For what its worth, I tried creating a large number of streams on a L4 GPU, and I got a cuda error message “out of memory” on trying to create 142649 streams. So there is a resource cost.

There is no idea in CUDA that “more streams is always better” or “more streams gives higher performance” or “using the max number of streams is best”. Using the max number of streams or device connections is not a figure of merit, generally.

Whenever you issue work to the device (i.e. a kernel call), there is well-founded conventional wisdom that says that you should seek to fully occupy the device, ideally with a single kernel call. That is the right mindset for determining how many blocks to launch, and the mechanics are covered in many forum posts and elsewhere. that means that ideally, in a copy/compute overlap scenario, each chunk of work (typically corresponding to one kernel call) should fully occupy the device. The only time you would deviate from this is when the overall problem size is so small that you cannot achieve this while still aiming for copy/compute overlap (lets say a minimum of 3 or 4 chunks, minimum). In that case I don’t think there is conventional wisdom, and you should probably play with chunk size vs. number of streams to achieve best performance, recognizing this is a non-optimal situation to begin with.

You might want to develop a test case of your own to gain additional understanding. Many of these concepts are covered in section 7 of this online training series. Once you have a test case, you can try varying CUDA_DEVICE_MAX_CONNECTIONS (or number of streams) if you wish, and if you have questions at that point, they are likely to be more focused. The homework for that section has an example that you could study if you wish.

Good luck!

3 Likes

Hi Robert,

Thank you for your prompt response. I’ve carefully reviewed your previous insights on the topic of streams and connections, and I’m convinced that employing a few well-designed streams should suffice for achieving overlap between data transfer, computation, and events.

Currently, I’m reading with the Cufile Stream API documentation. Essentially, this API binds asynchronous read/write operations to a stream. Thus, in order to achieve independent and unordered asynchronous I/O requests, it’s becoming apparent that relying on just one stream might not be adequate. Additionally, considering that the number of available connections can go up to 32, I’m thinking how to design asynchronous I/O into those 32 connections. I’m curious if you have any insights or experiences with the GDS Cufile Stream API on Streams that you could share?
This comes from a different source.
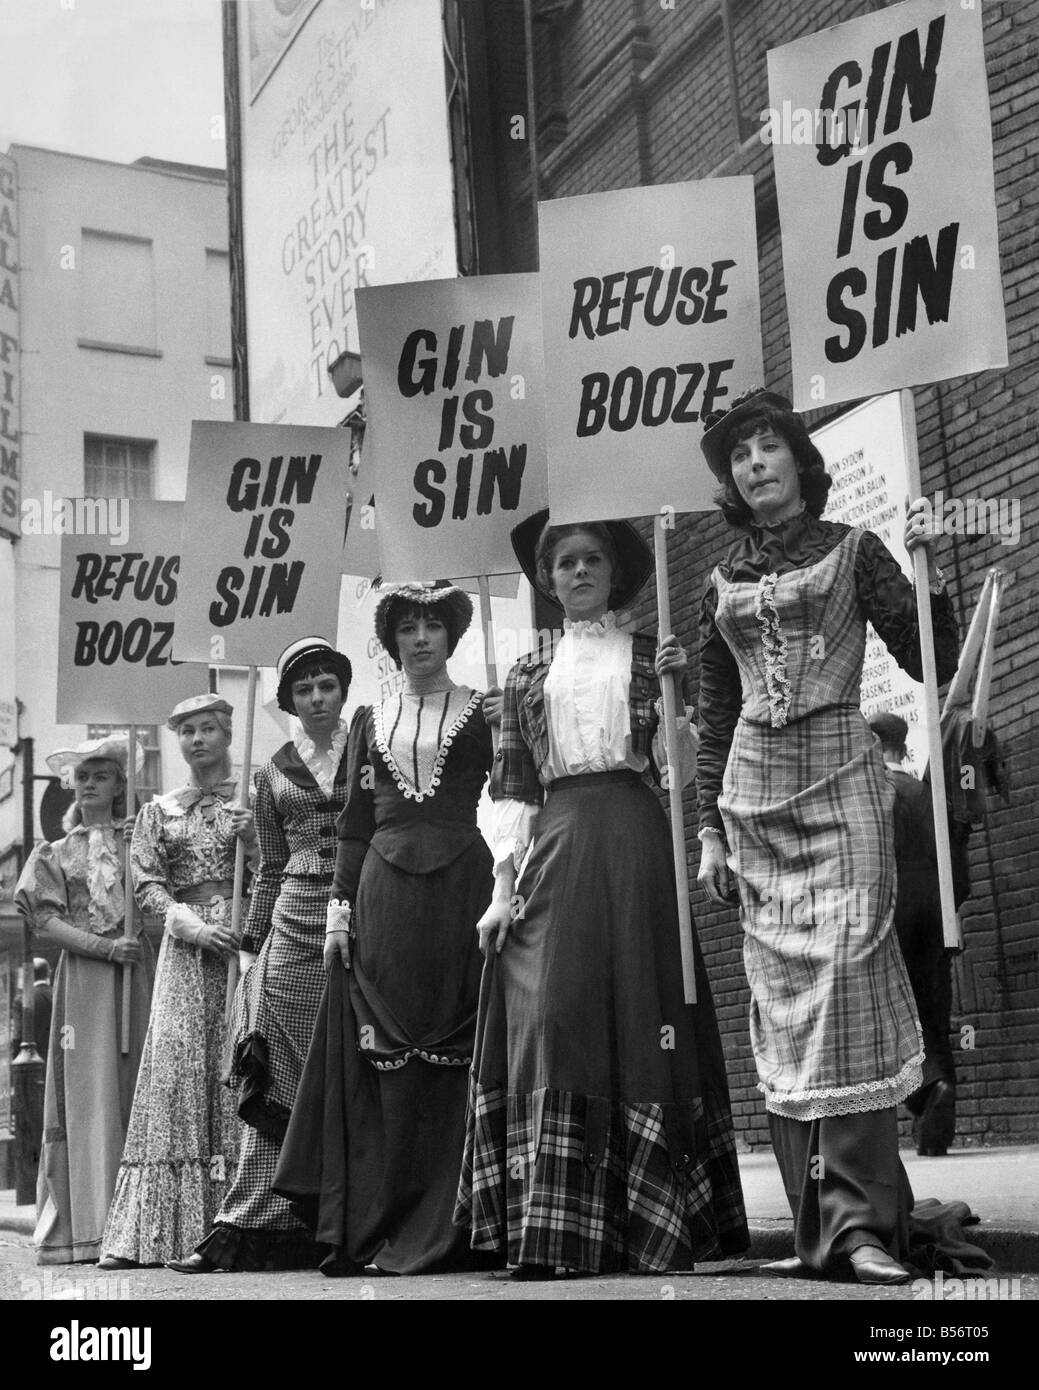 Frauen, gekleidet in historischer Kleidung Stand halten Banner protestieren gegen Alkohol. &#13; &#10; Juli 1965 &#13; &#10; P010053 Stockfoto

Regarding the materials you recommended, I’ll certainly dive into them. Thanks again for your assistance!

I have no answers, but some related points:

  1. In addition to the limits you mention, there is a limit on the number of resident grids per device.
    See Table 18.

  2. If you use dynamic parallelism, you can easily reach the grid limit using only one stream created by the host.
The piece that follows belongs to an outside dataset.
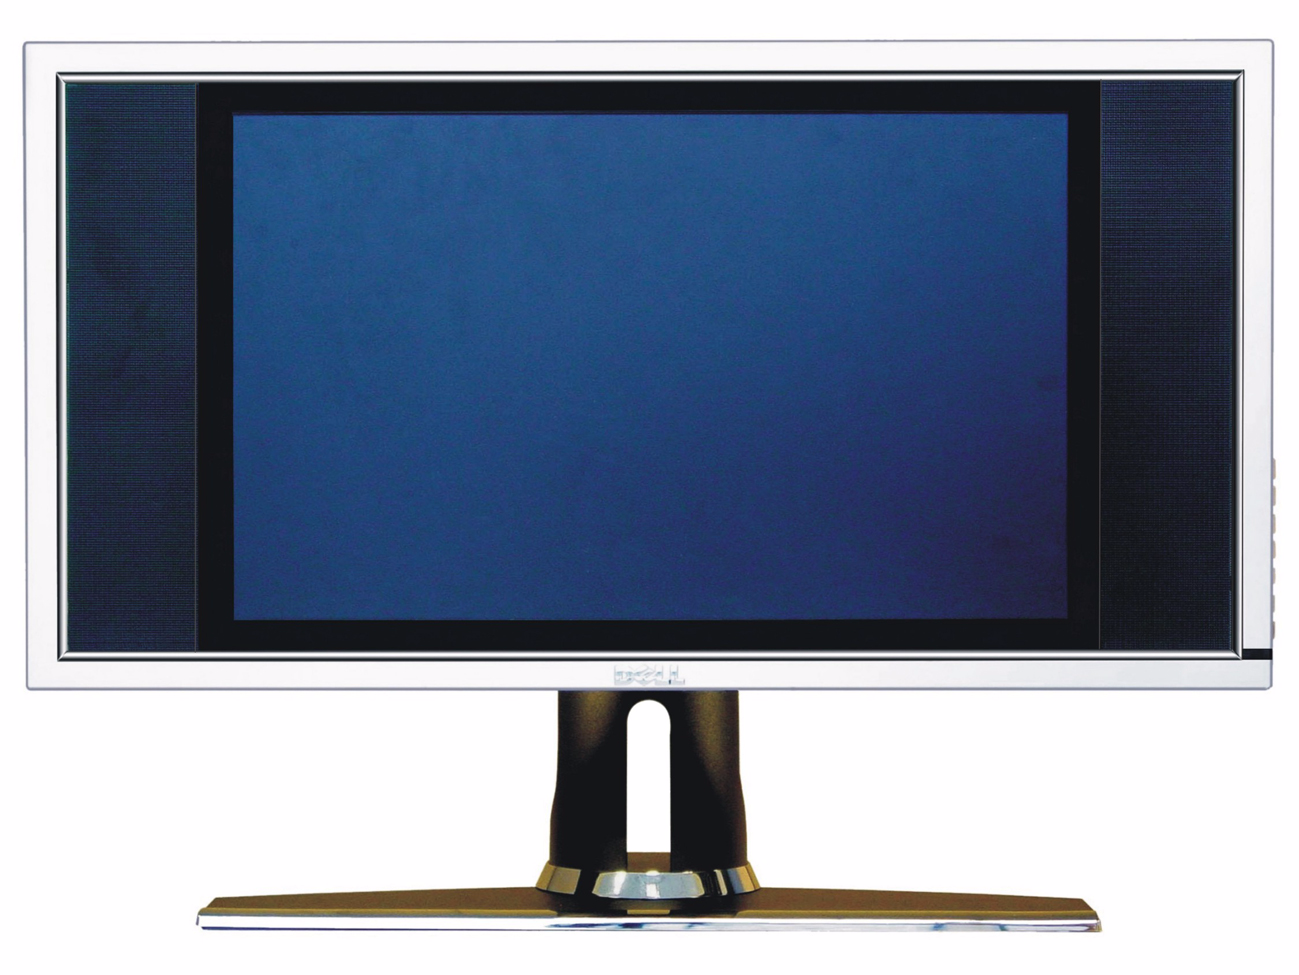 Informace o televizoru LCD Čelní pohled 2 1 1 Infračervený přijímač Zjišt uje signál dálkového ovladače.

An approach I have been exploring recently:

  • create only a small number of streams on the host, e.g., one or two streams for each desired stream priority
  • use a combination of host launches and dynamic parallelism to achieve the concurrency you want

In addition to the links you posted, beware of Increased time to synchronize….

I never suggested one stream is adequate for anything. One stream is useless for any purpose I can think of, and you certainly cannot do copy/compute overlap with a single stream.

By convention, GDS questions should be posted on the accelerated libraries sub-forum (there are many other GDS questions there).

1 Like

Apologies for any confusion - I didn’t mean to imply that you suggested the sentence earlier. That was a mistake in my formulation.

What I intended is that, based on streams and CuFile semantics, it seems natural to consider multiple streams.

This topic was automatically closed 14 days after the last reply. New replies are no longer allowed.